2013: Turning Point in the Long Western Decadence

http://watchingamerica.com/News/228734/2013-turning-point-inthe-long-western-decadence/

If militarization is not economically sustainable, we have to ask ourselves if there is any logic, some superior rationality, that explains this phenomenon.

2013: Turning Point in the Long Western Decadence
BolPress, Bolivia
By Jorge Beinstein
Translated By Tristan Foy
7 December 2013
Edited by Bora Mici

The "global crisis" — as it is still called — continues its course, becoming ever deeper over the years, wearing away at the institutions of the central powers, breaking the economic and cultural connections that have united these societies, plainly visible as decadence, like a process of general irreversible deterioration. It is also reaching the so-called "emerging countries," shattering the myth of capitalist rejuvenation from the outside, of the bourgeois improvement of Western neoliberalism, thanks to intervention by the state.
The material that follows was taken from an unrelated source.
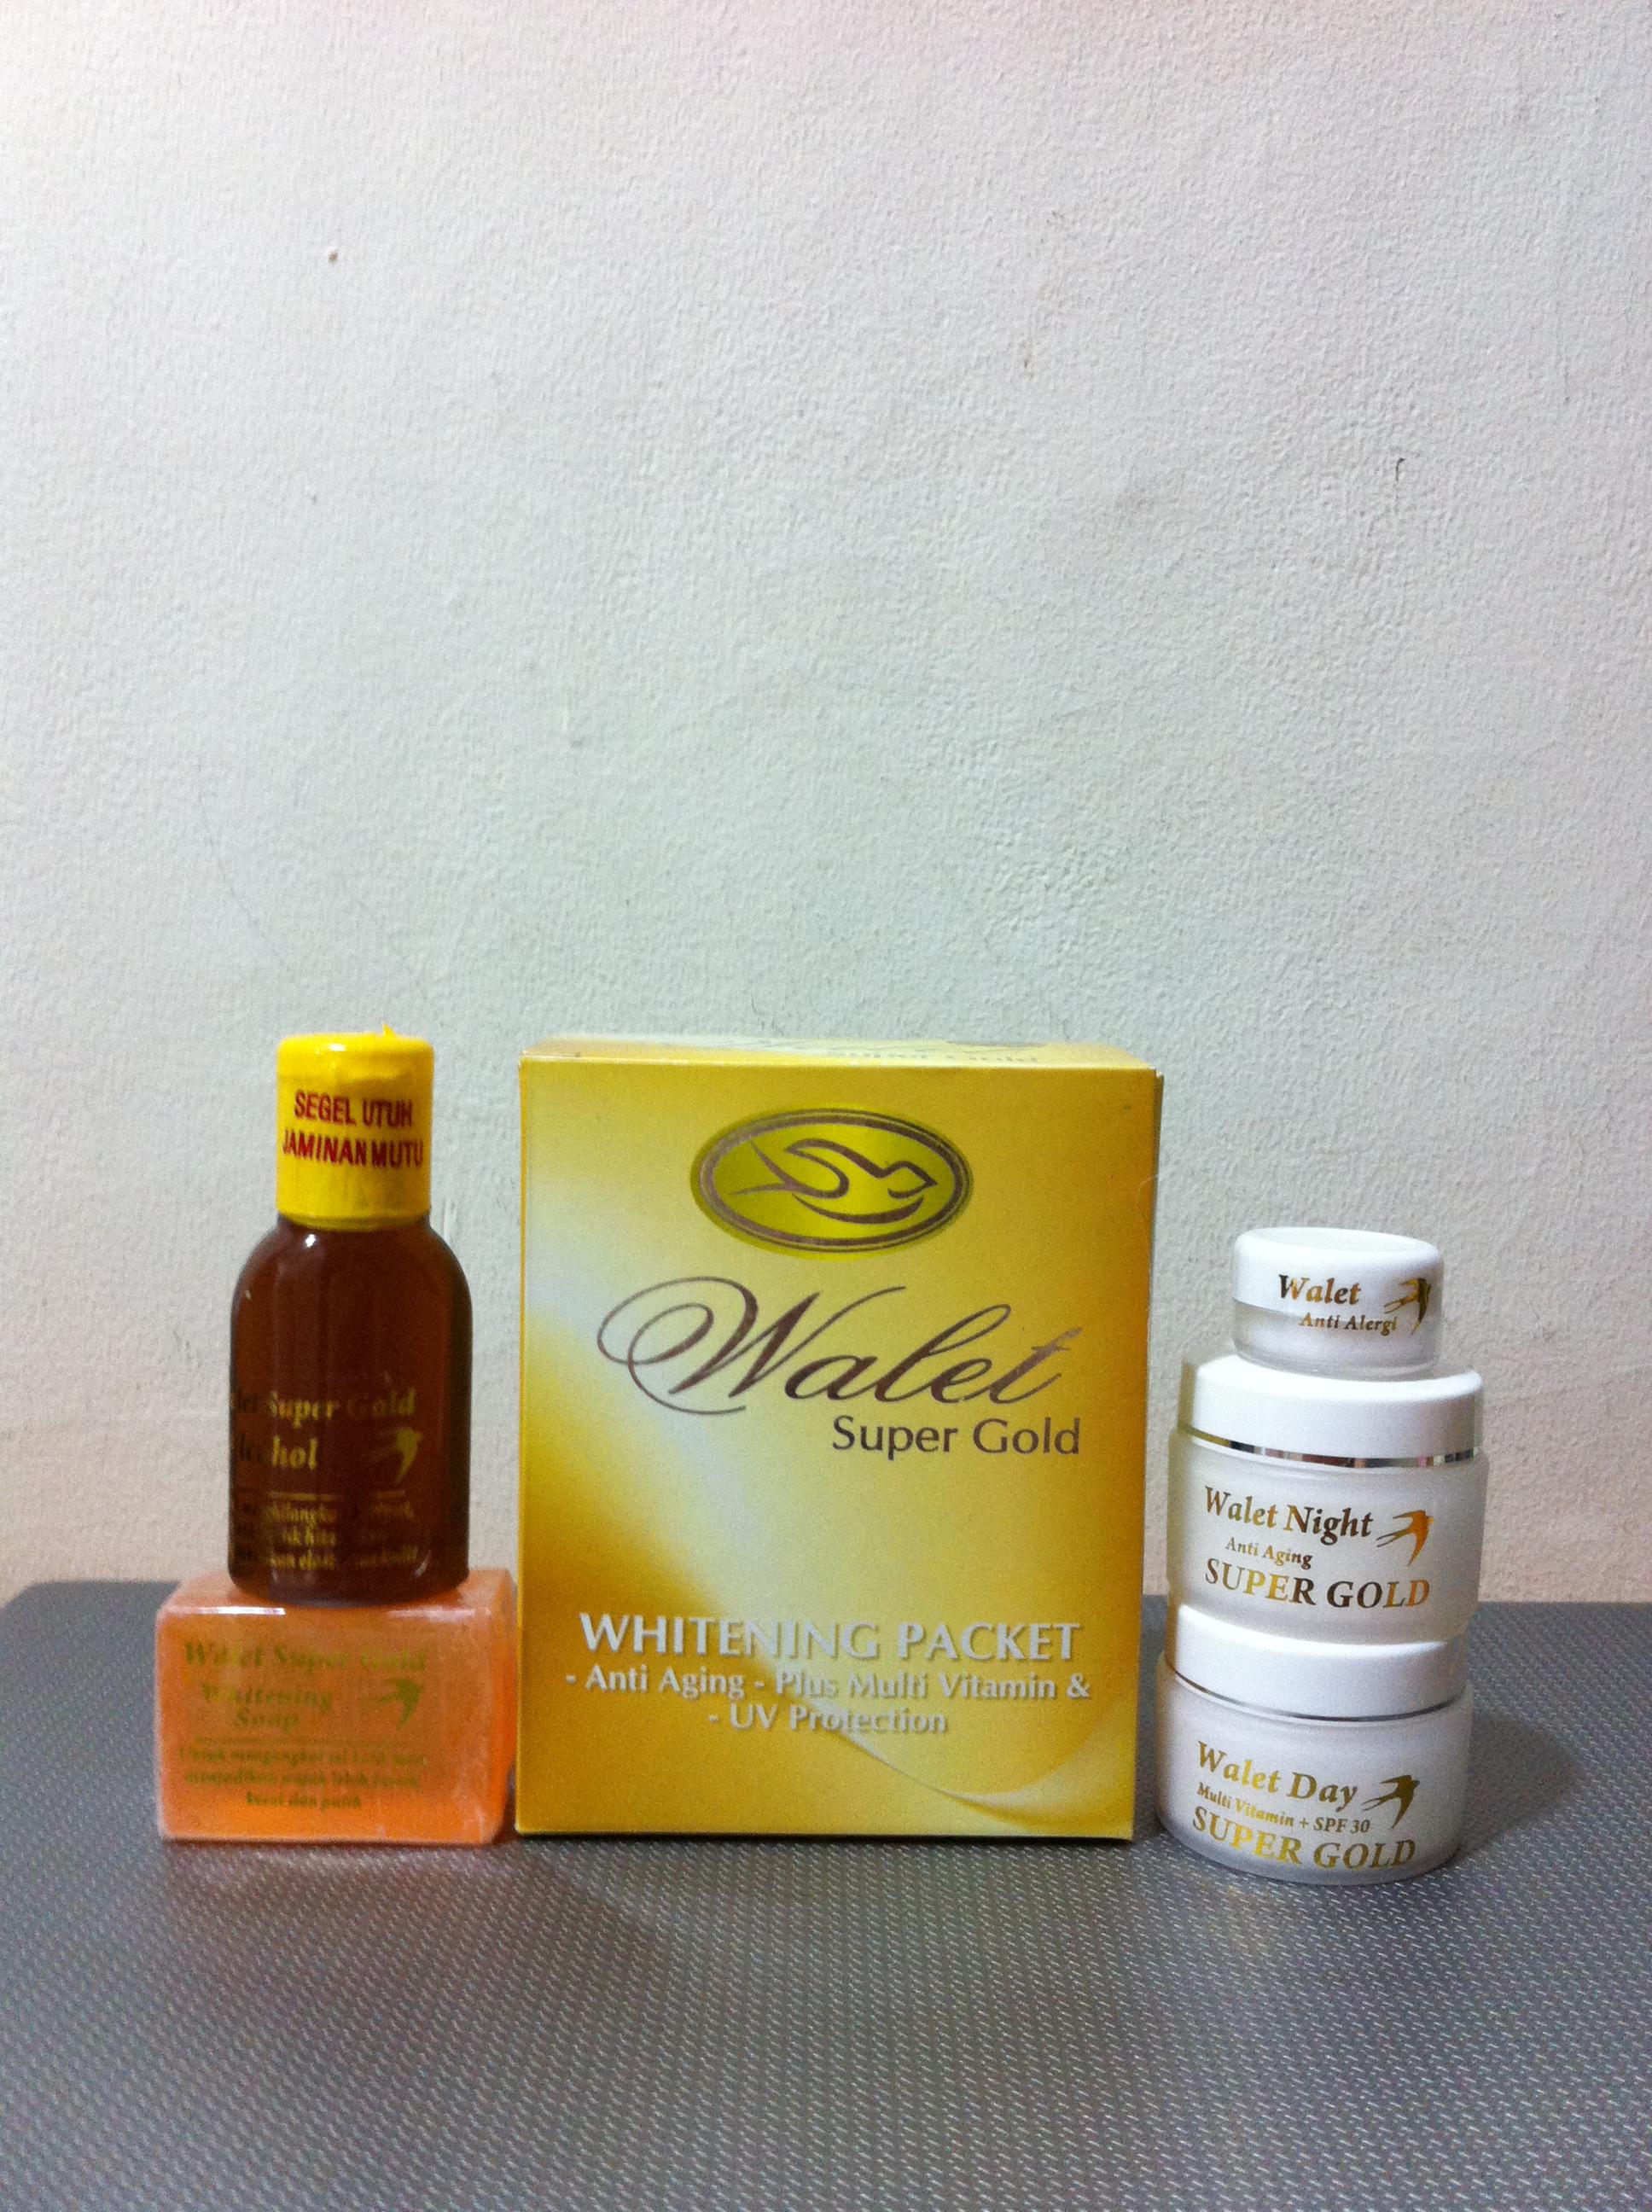 Jual Walet Super Gold Whitening Packet Liemoli Tokopedia Cream
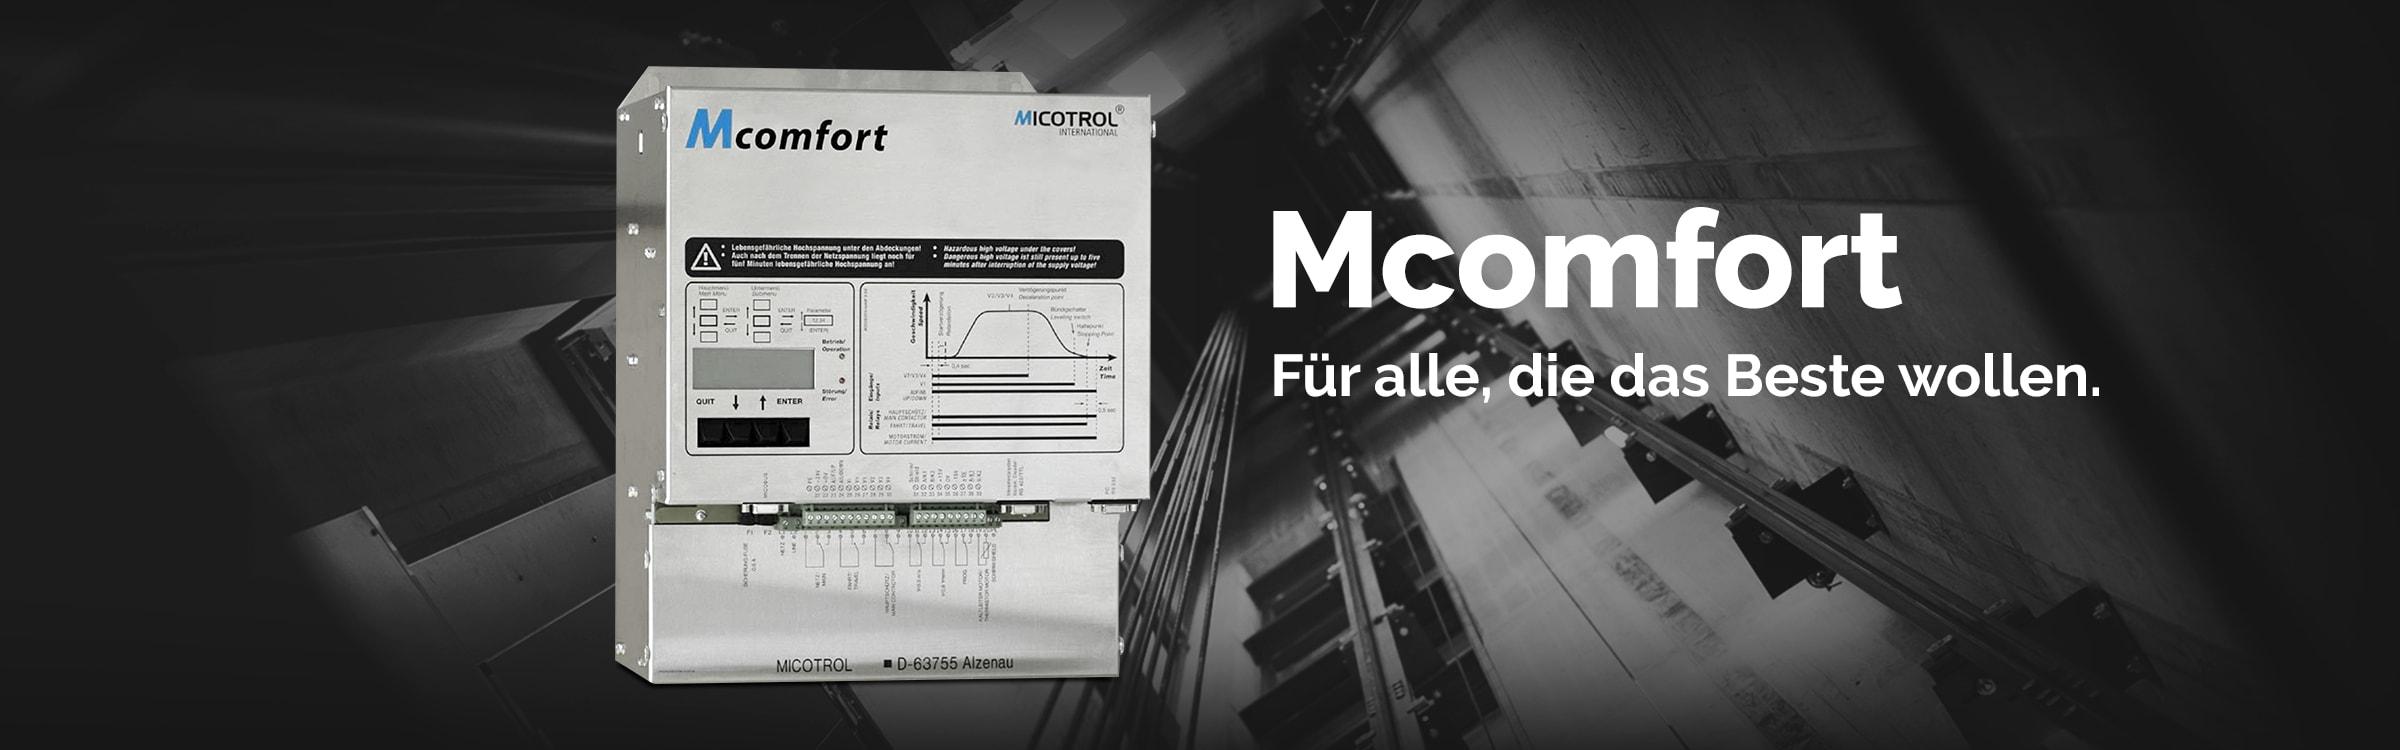 MICOTROL International GmbH

The years 2008 and 2013 constitute periods where the decline of capitalism sped up; in both cases, the origin of the disaster was the imperial center, which later spread to the network of the global system. We could establish an even more precise period and set the months — September 2008 and September to October 2013 — as the "moments" when universal history sharply accelerated, when the accumulation of deterioration produced a large jump of quantity into quality. From the point of view of the system's masters, it is possible to speak of "annus horribilis," namely, years of great disgraces, although from the side of the victims, the thousands of millions of human beings who go unnoticed on the bourgeois planet, we can speak of "annus mirabilis," periods where the system advances clearly toward its ruin, that is to say, with "wonderful" events that encourage hope in the possibility of achieving a better world.

On Sept. 15, 2008, in the United States, the financial giant Lehman Brothers declared bankruptcy, and the American International Group, considered the world leader of insurance and financial services, needed to be rescued by the Federal Reserve. The crisis caused by the collapse of the U.S. real estate bubble spread rapidly, bursting other real estate and stock exchange bubbles in Europe and Asia, and the governments of the large powers poured in several trillion dollars in the following years to stop the world economy’s international financial system's foundation from flooding. They were unable to understand its prior dynamics, much less the productive structures, but they were able to avoid the danger through postponement.

And so it has been from 2008 onward: The global financial mass, which was expanding at an exponential rate, stopped growing, and, in fact, experienced a gentle decrease. It is what we confirm when we compare the speculation of "financial derivatives" — the heart of global financial parasitism — with the gross world product. In mid-1998, these businesses amounted to around 2.4 times the global face value, coming to around 4.3 times toward the end of 2002, 8.5 times at the end of 2006, and 11.7 times by the middle of 2008, in complete speculative delusion, slowly dropping from then: to 10.5 at the end of 2009, 10.6 by mid-2011, falling to 8.9 at the end of 2012 and 8.6 by mid-2013.